Nun, die DOORS waren froh ihren Heimatkontinent mal verlassen zu können, denn der berühmte “Zwischenfall“ beim Miami's Dinner Key Auditorium hat zur Absage von 20 Konzerten in den Staaten geführt.
Nun also in England und es ist der 30. August, als die Band nachts um 2 Uhr die Bühne betritt. Davon, dass sie ihre eigene Bühnenbeleuchtung mitbringen sollten, wusste die Band nichts und so war es letztlich ein einzelner roter Scheinwerfer, der diesen Auftritt beleuchtete.

So wurde dieser letzte gefilmte Auftritt der DOORS – es sollten nur zwei weitere Konzerte überhaupt noch folgen, bevor Jim Morrison sich nach Paris verabschiedete – zwar optisch eine leicht düstere Angelegenheit, aber musikalisch waren alle beteiligten in hervorragender Form. Wie eine verschworene Gemeinschaft drängen sich die Vier auf relativ kleinem Raum zusammen.und Robby Krieger demonstriert in Back Door Man bereits eine selten gehörte Fingerfertigkeit. Da hört man bereits, wie gut die Band an diesem Abend – ober besser, in dieser Nacht – drauf ist.
Die Körpersprache Morrisons lässt keine großartigen Emotionen erahnen, das schwelende Gerichtsverfahren wird die Band schon etwas bedrückt haben, aber stimmlich ist er in Bestform. Es gibt so gut wie keine Ansagen, hier spricht nur die Musik für sich. Break On Through kommt richtig druckvoll und faszinierend. Ray Manzarek leitet die Stücke teils mit kleinen Improvisationen ein, so auch When The Music's Over, in dem besonders Morrison zu großer Form aufläuft. Man spürt förmlich, wie ihm das Publikum an den Lippen hängt. Zum Glück setzt keiner die Textzeile “turn out the light“ in die Tat um. Trotz, oder vielleicht gerade wegen, der spärlichen Beleuchtung entwickelt sich hier eine besondere Magie.

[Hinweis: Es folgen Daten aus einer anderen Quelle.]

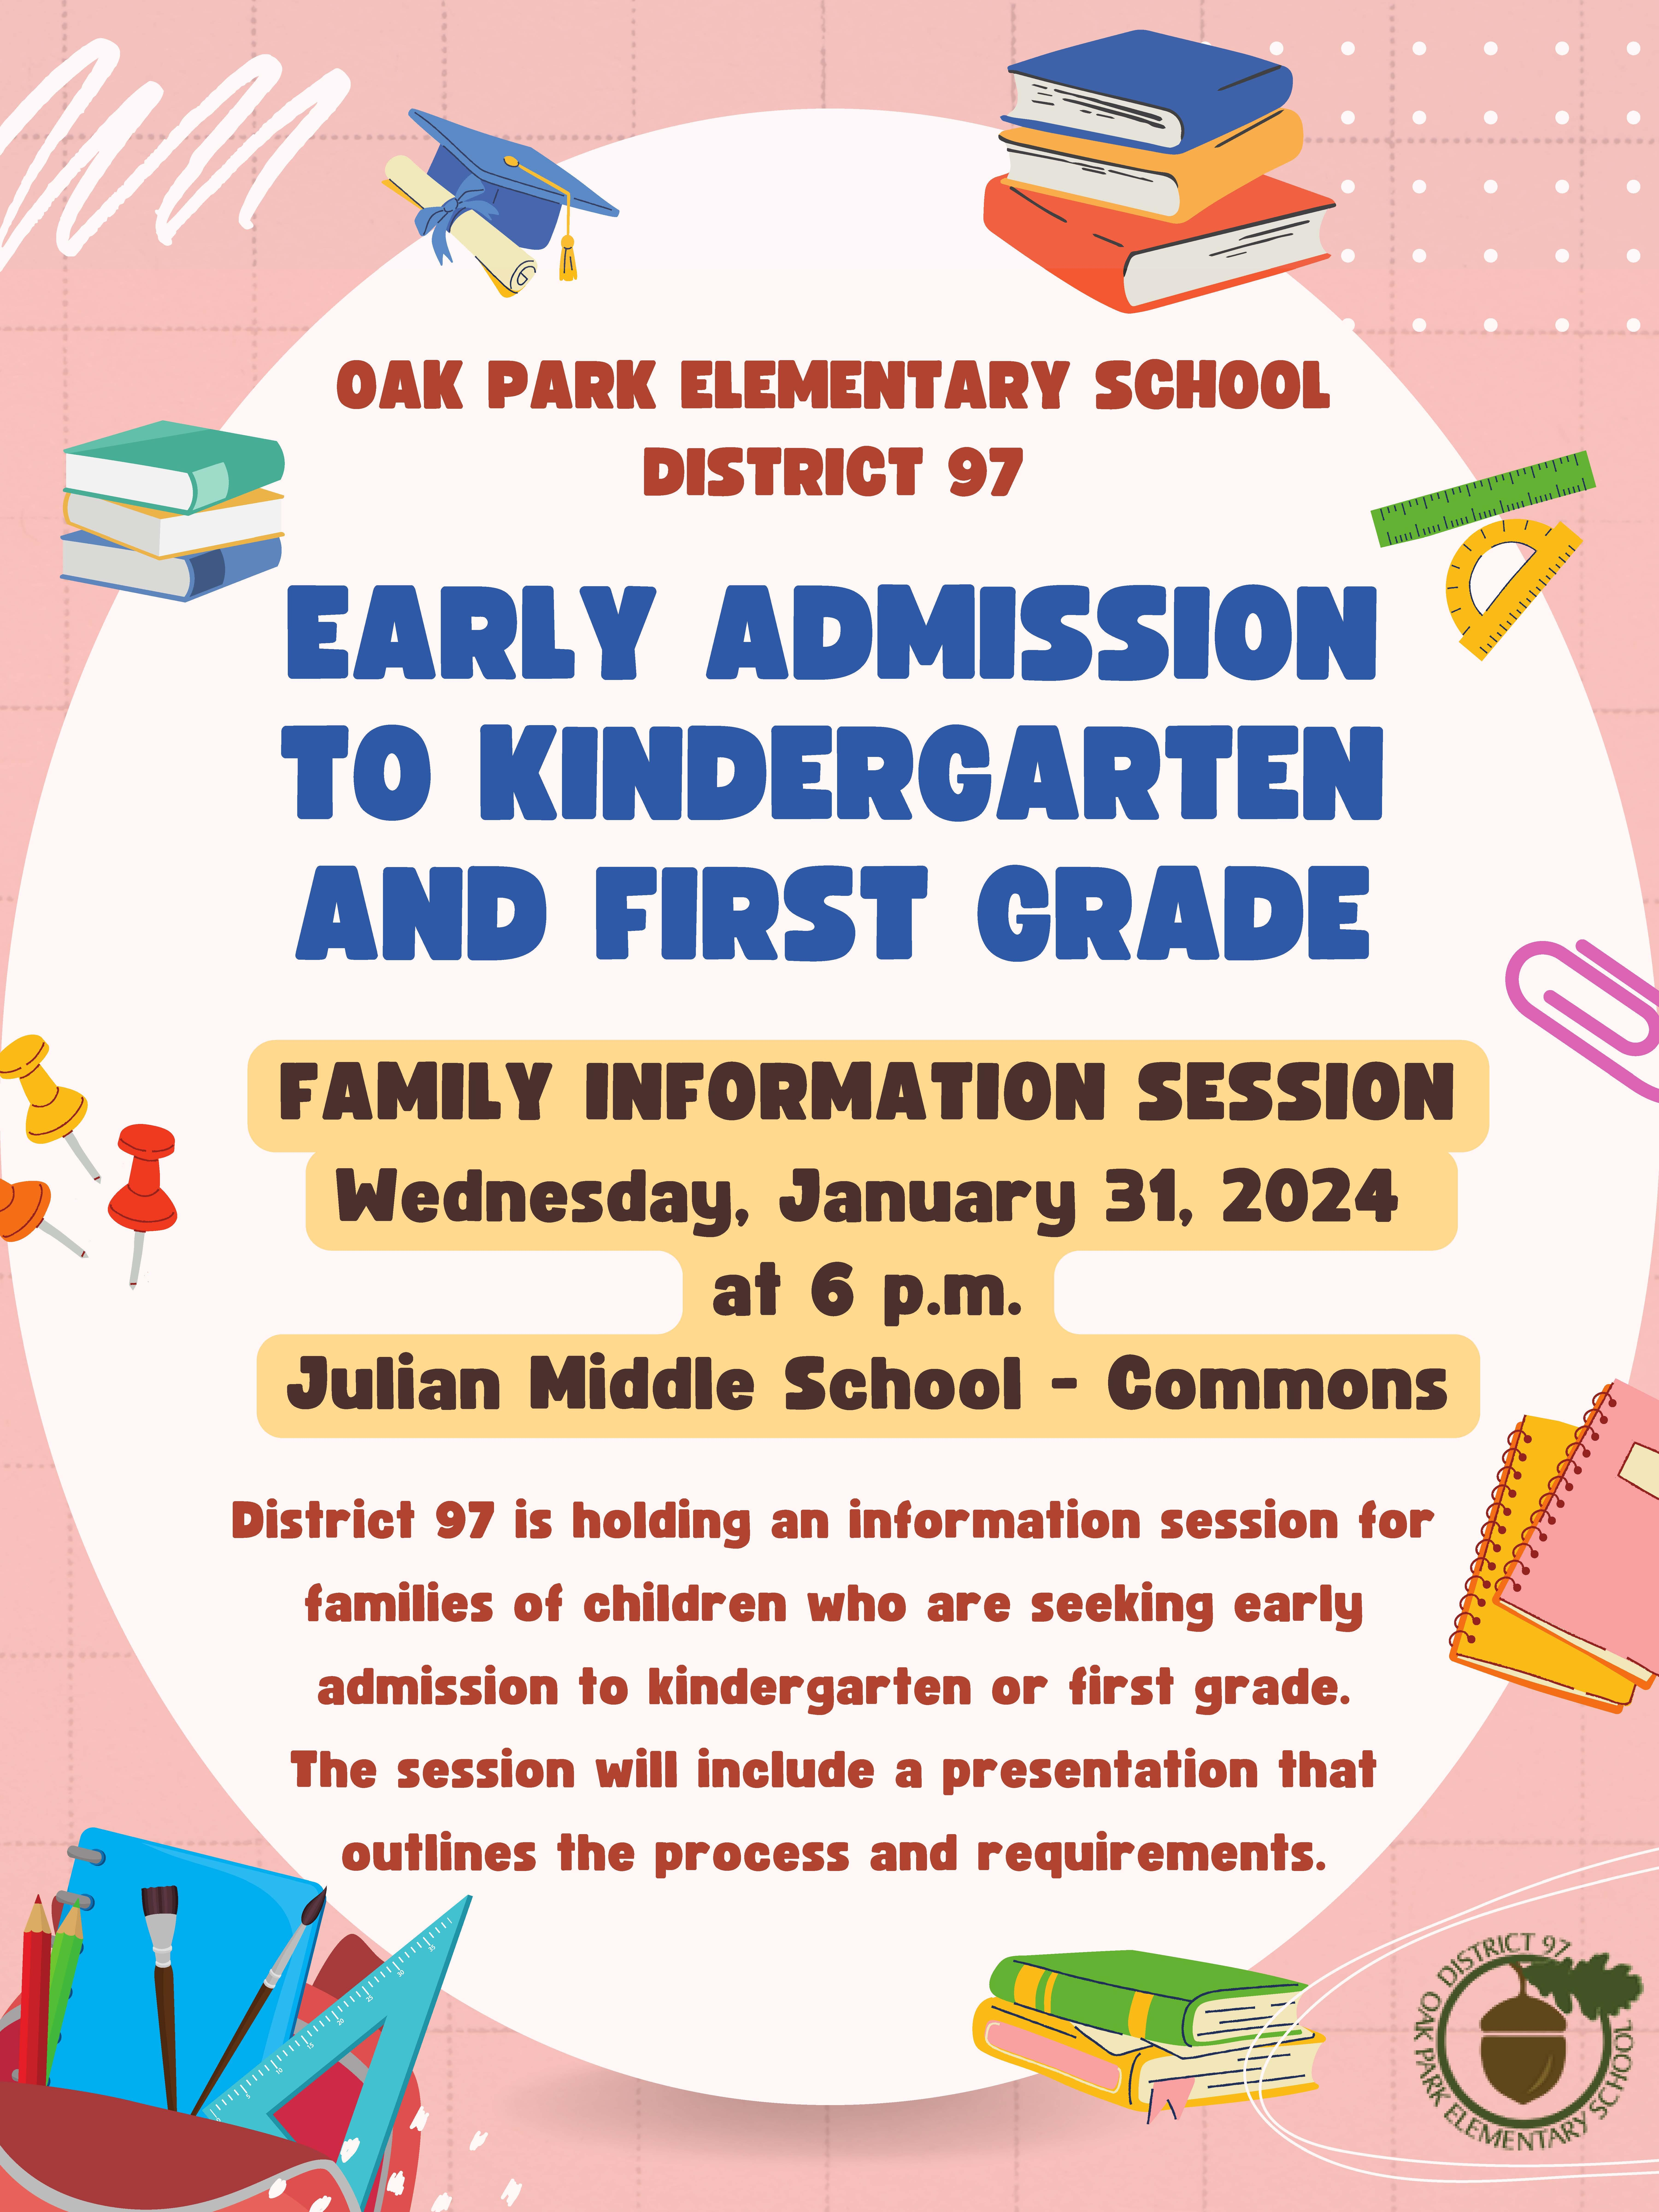 Early Admission to Kindergarten & First Grade Information Session details

Wundervolle Improvisationen durchziehen Ship Of Fools (und Aufnahmen von den ankommenden Fährschiffen...), aber sind natürlich die bekannten Töne aus dem Intro zu Light My Fire, die das Publikum mal richtig von sich hören lassen. Auch hier tolle, psychedelische Solo-Parts, vor allem von Manzarek, aber auch Krieger begeistert mit seinem einzigartigen Gitarrenspiel

Zum finalen The End-Medley, spielt sich die Band nochmals in einen regelrechten Rausch. Dieses “Jam-Verständnis“ untereinander ist schon besonders und auch Morrison “katapultiert“ sich hier in seine beste, von Lyrik durchzogene Bühnenpersönlichkeit. Das ist schon ein “Happening“, was hier abgeht. Ich kann jetzt nicht aus Erfahrung sprechen, aber ein LSD-Rausch ist nichts dagegen. Nehme ich an.
Der Wermutstropfen ist, dass, wenn Jim Morrison zum letzten Mal “this is the end“ singt, sein eigenes Ende in nicht allzu ferner Zukunft lag.
Hier kann man nochmal sehen und hören, was das für eine wirklich geniale Band war. Einen Einblick und einiges an Hintergrundinformationen erhält man in dem zusätzlich enthaltenen “Feature“, in dem der damalige Manager der Band, sowie Jims einstige Bandkollegen Manzarek, Krieger und Densmore. Zweifellos ein historischer Mitschnitt, der trotz der schwachen Beleuchtung und eines, was die Show angeht, eher zurückhaltenden Morrison, ob der musikalischen Performance empfehlenswert ist.